Burdea careful lays the groundwork for his survey of force feedback
(resistive impulses, FFB) and tactile feedback (sensations of
texture, temperature, etc., TFB) devices and concepts by providing a
thorough background in human proprioception. He shares with the
reader the fruits of his research: how the various receptors in the
skin, muscles, bones and joints interact, how the nervous system
perceives and conveys haptic data, reaction times and bandwidths of
human response, and much more. He describes studies on the resolution
of feeling, the average strength of various parts of the body, and
time to fatigue. All in all, one is left with the impression that
Burdea is a man with a good feel for the subject.

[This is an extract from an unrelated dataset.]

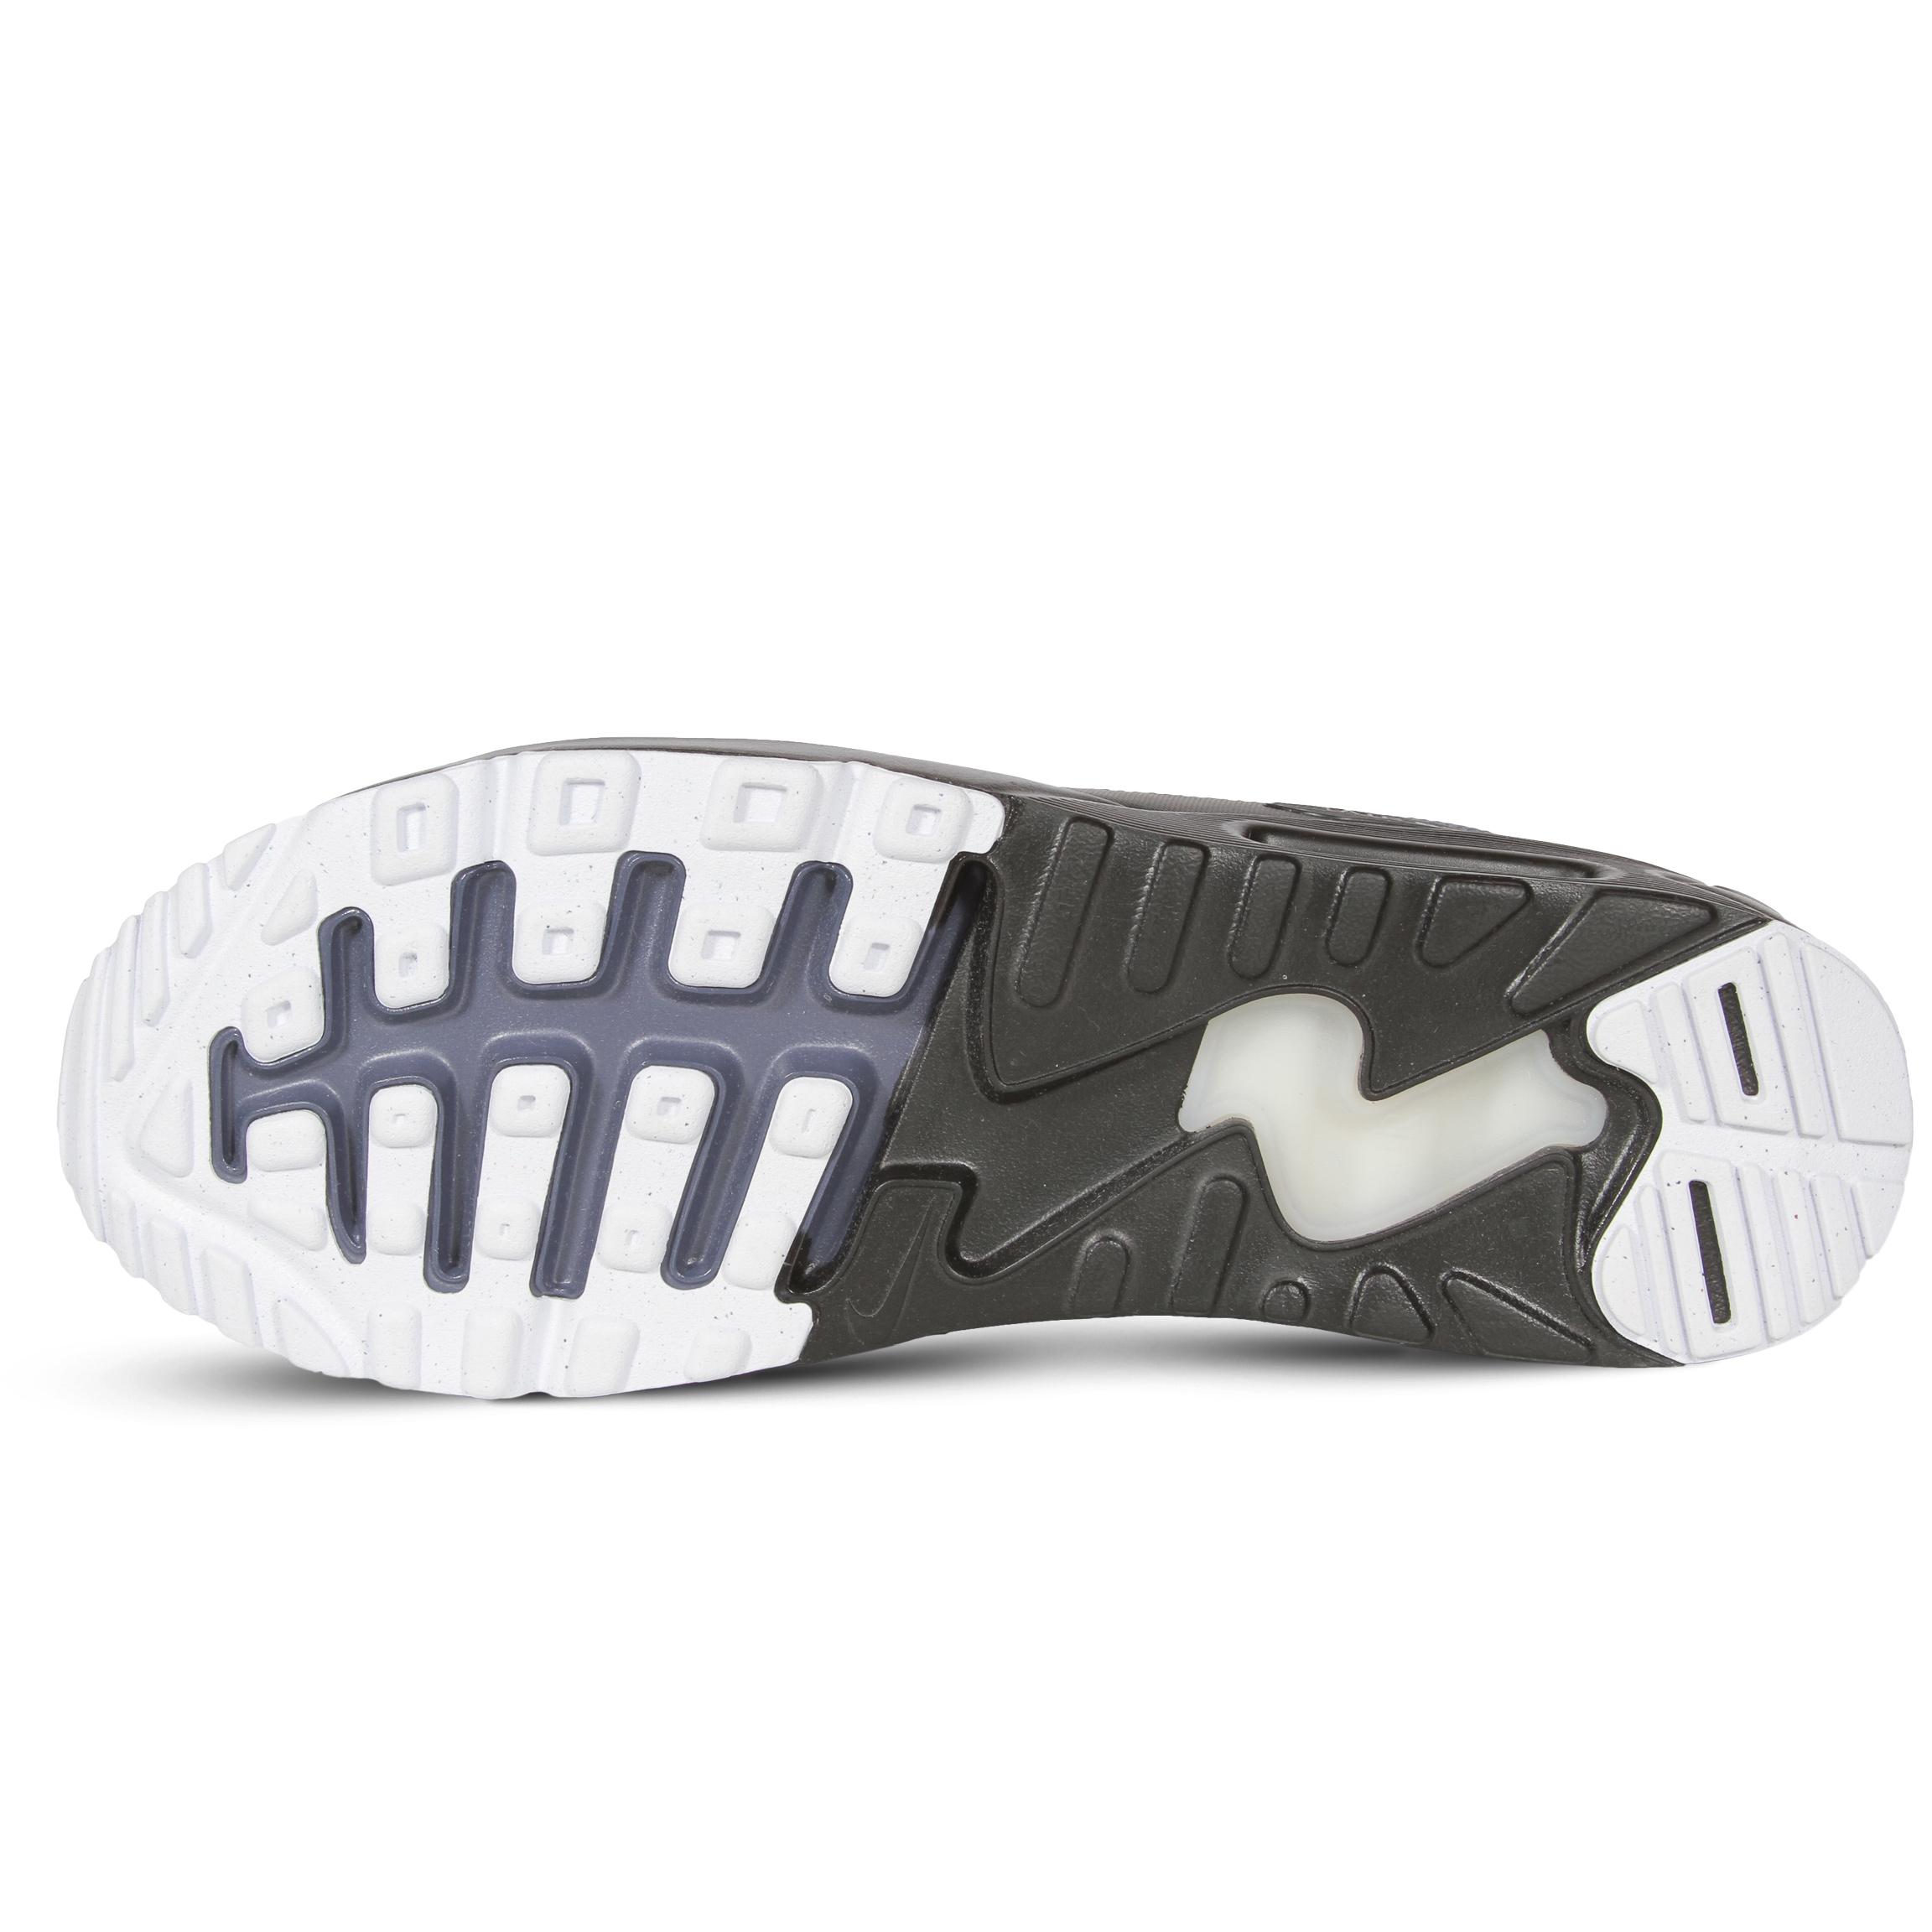 Mens Nike Air Max 90 Pas Cher Uniformes Postaux Noirs AfSm4EwKK

Interestingly, reading this book made me all the more pessimistic
regarding our likelihood of ever having good FFB devices for general
use. The problem is manifold. As Burdea points out, the range of
forces that human beings are capable of feeling and reacting to is
great. It spans several orders of magnitude, from the gentle caress of
a lover brushing away a strand of hair, to the rough effort required
to push a recalcitrant automobile. Designing one device, even a hybrid
device, to duplicate this range of force is a daunting concept.
Furthermore, FFB devices must be grounded. That is, they must have
something to push against. A portable FFB device would necessarily be
of limited scope.

The outlook for TFB devices is much better. Because these devices are
not resistive in nature, they can (indeed, should be) small and
portable. A glove with an inner surface made of nano-mechanical
effectors is conceivable, and could possibly provide realistic
sensations of friction, slippage, texture, and other sensations.
However, the likelihood of such a device being built in the next few
years is slim. 

Lacking any ideal solution, many experimenters and manufacturers,
Burdea among them, have developed limited force and tactile feedback
devices. Many such devices, such as the (CJ-winning) Phantom, and the
Impulse Engine, are commercially available and are finding acceptance
in specialty applications. Most people in the VR business are
familiar with the GROPE experiment carried out at UNC chapel Hill, in
which a large FFB arm, designed for working with radioactive
materiel, has been used to evaluate the value of FFB in molecular
docking research. Medical simulation is an important use of FFB, and
gamers are starting to see low-cost devices built into joysticks and
other controllers. All of this, and a great deal more, is carefully
covered in this book.

Were I giving a course in haptic simulation, this would be my text of
choice. I recommend it without reservation to anyone considering
adding haptic feedback to a simulation. If you haven't covered this
material, you would need  a lot of time to catch up. Luckily, Burdea
has done it for us. 

Force and Touch Feedback for Virtual Reality, by Grigore Burdea.
Published by John Wiley & Sons, New York, NY, USA. ISBN:
0-471-02141-5, hard cover, illustrated, indexed, us$54.95.